A spokesperson from Robertson said: “As is standard in construction contracts there is an agreement on the works undertaken and the payment structure around this.

“We cannot be held to ransom by demands for monies which have not been verified and agreed.

“We do not normally comment on rumour or allegations, but we strongly refute the allegation that Robertson is in anyway responsible for the demise of Havelock International.”

GMB Scotland now claim that owner Rcapital, a private investment firm, has “a lot to answer to because they have literally just walked away” from saving the the company.

Rcapital has been contacted for comment.

Following the announcement of the job losses, GMB Scotland organiser Allison Cairns said: “The anger of workers at today’s announcement from Havelock is entirely justified.

“There are serious questions to be answered as to how the company was allowed to get to this point without the workforce being warned or consulted.

“The plain fact is that this factory does not need to close. There is a quality product here for a buyer willing to make this business work.

“The consequences if a suitable buyer cannot be found will be simply dire for Fife, for what remains of Scottish manufacturing and worst of all for the 250 people employed here, some of whom will have worked here for a lifetime, all of whom are now faced with being left with nothing.

“GMB Scotland will do everything in our power to support and assist our members at this time.”

SNP MSP David Torrance said: “I am extremely disappointed by the news of such a major employer within my constituency going into administration.

“My thoughts are with all the workforce and their families, on whom this news will have a devastating impact.

“The company has been a significant employer in the town for many years and the impact of its loss will be considerable.”

He said he has written to Scottish business minister Jamie Hepburn urging the Scottish Government and Scottish Enterprise to “provide all possible support to allow the company to continue trading”.

He added: “If this is not possible, any assistance they can give to ensure that a buyer is found and Havelock continue to be a large employer in Kirkcaldy is imperative.”

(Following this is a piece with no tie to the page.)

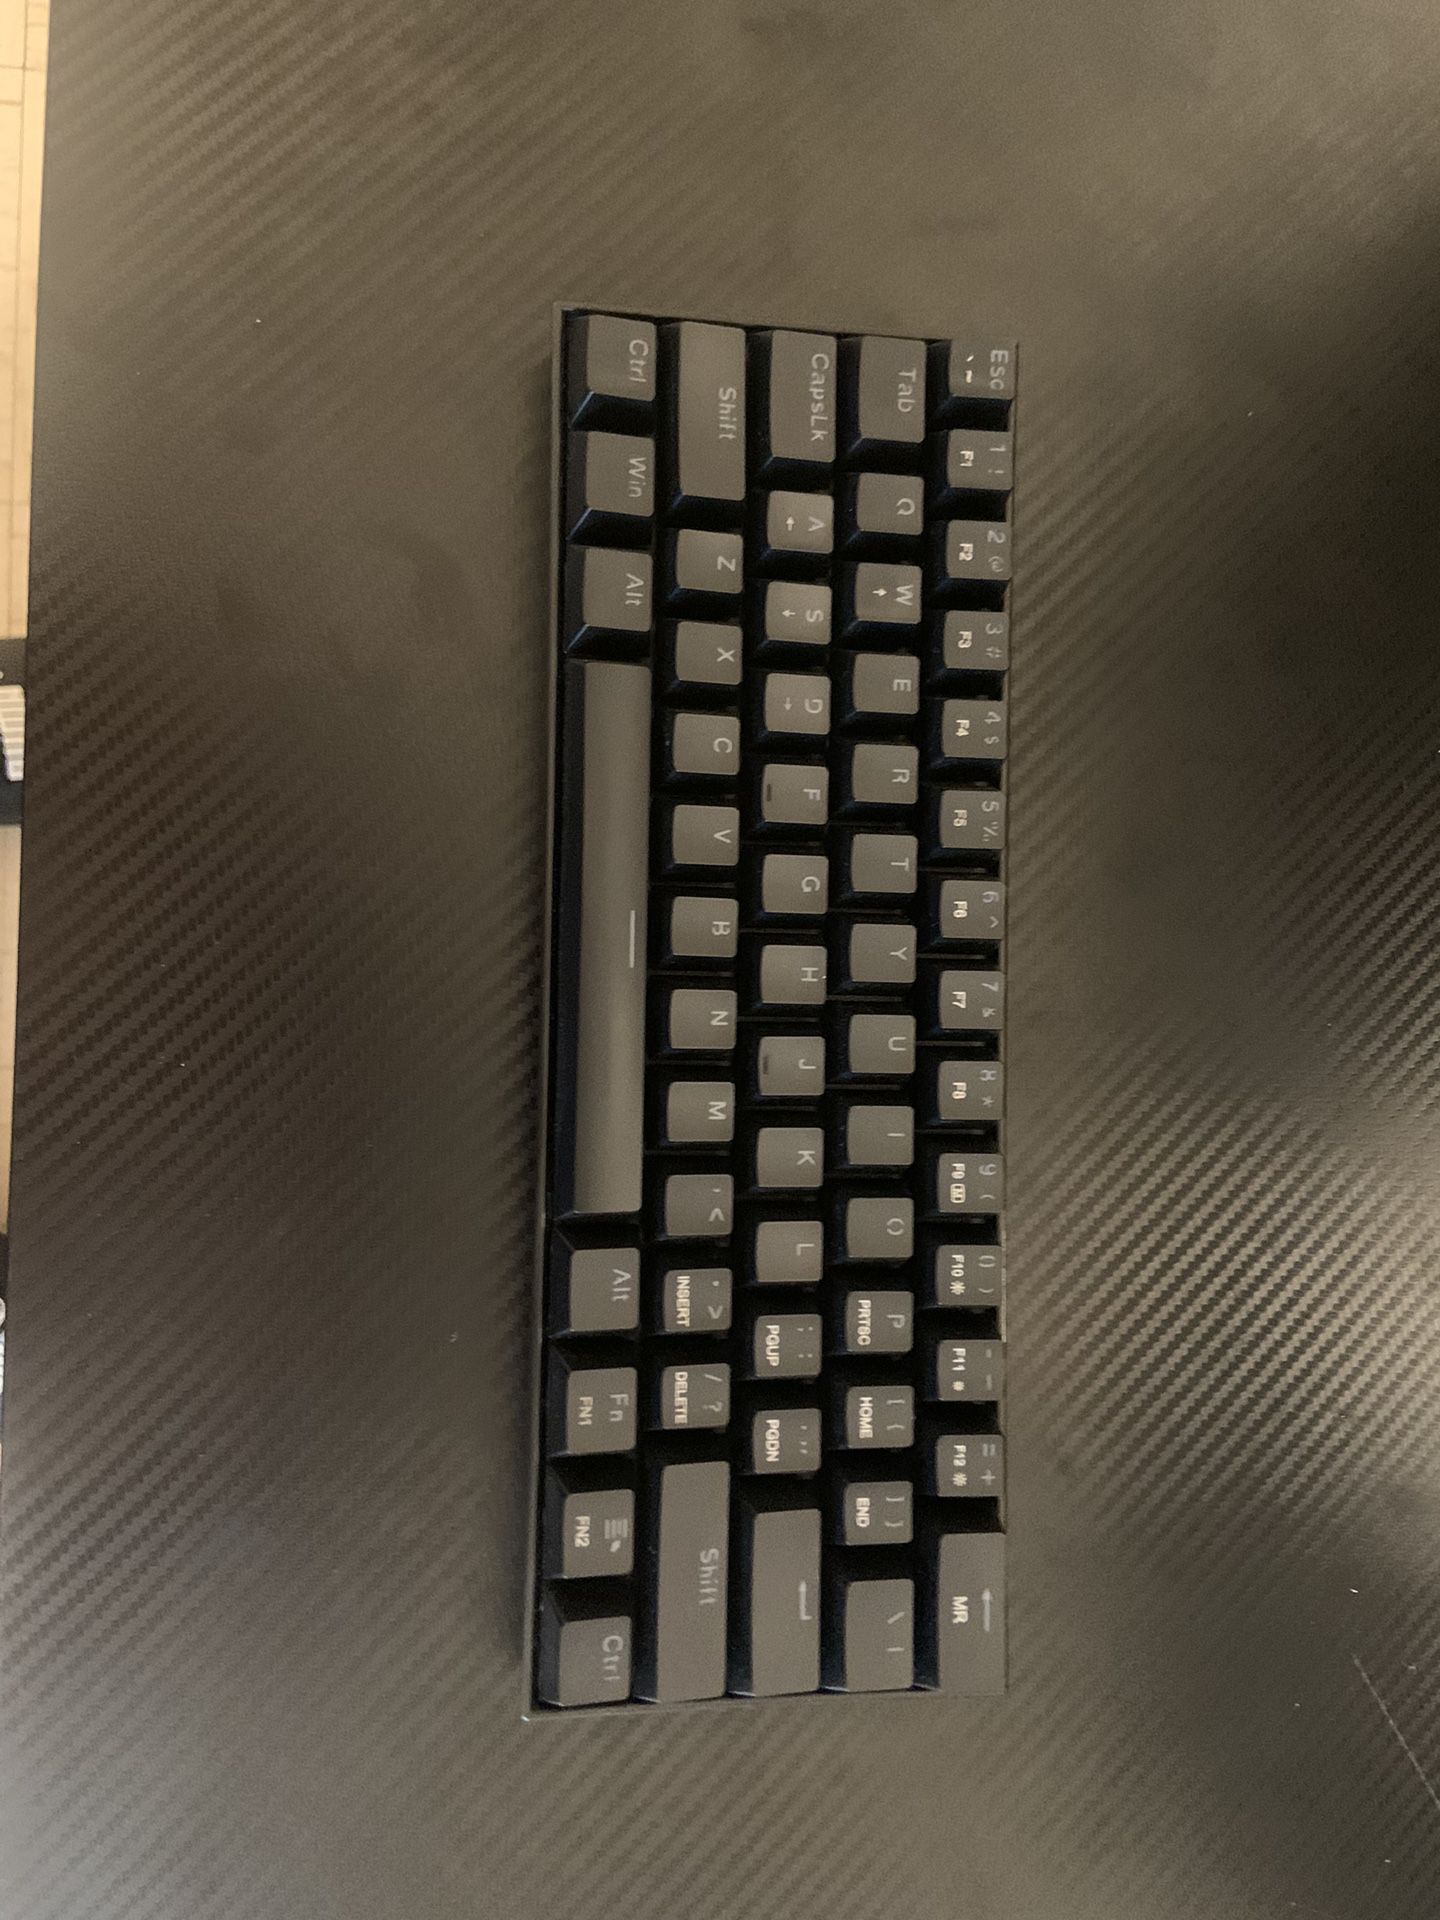 Red Dragon 60% Keyboard

Fife councillor Altany Craik, convener of the Economy, Tourism, Strategic Planning and Transportation Committee, said: “This is obviously a huge disappointment to Fife as another big business goes under.

“Our thoughts are particularly with all those families affected by these expected job losses.

“It’s a devastating blow for the employees and our employability team is ready to help with advice and support and we continue to work with PACE, Opportunities Fife Partnership and Scottish Enterprise to try to minimise the impact of this closure as much as possible.

“We will continue to do what we can to attract businesses and investment into Fife.”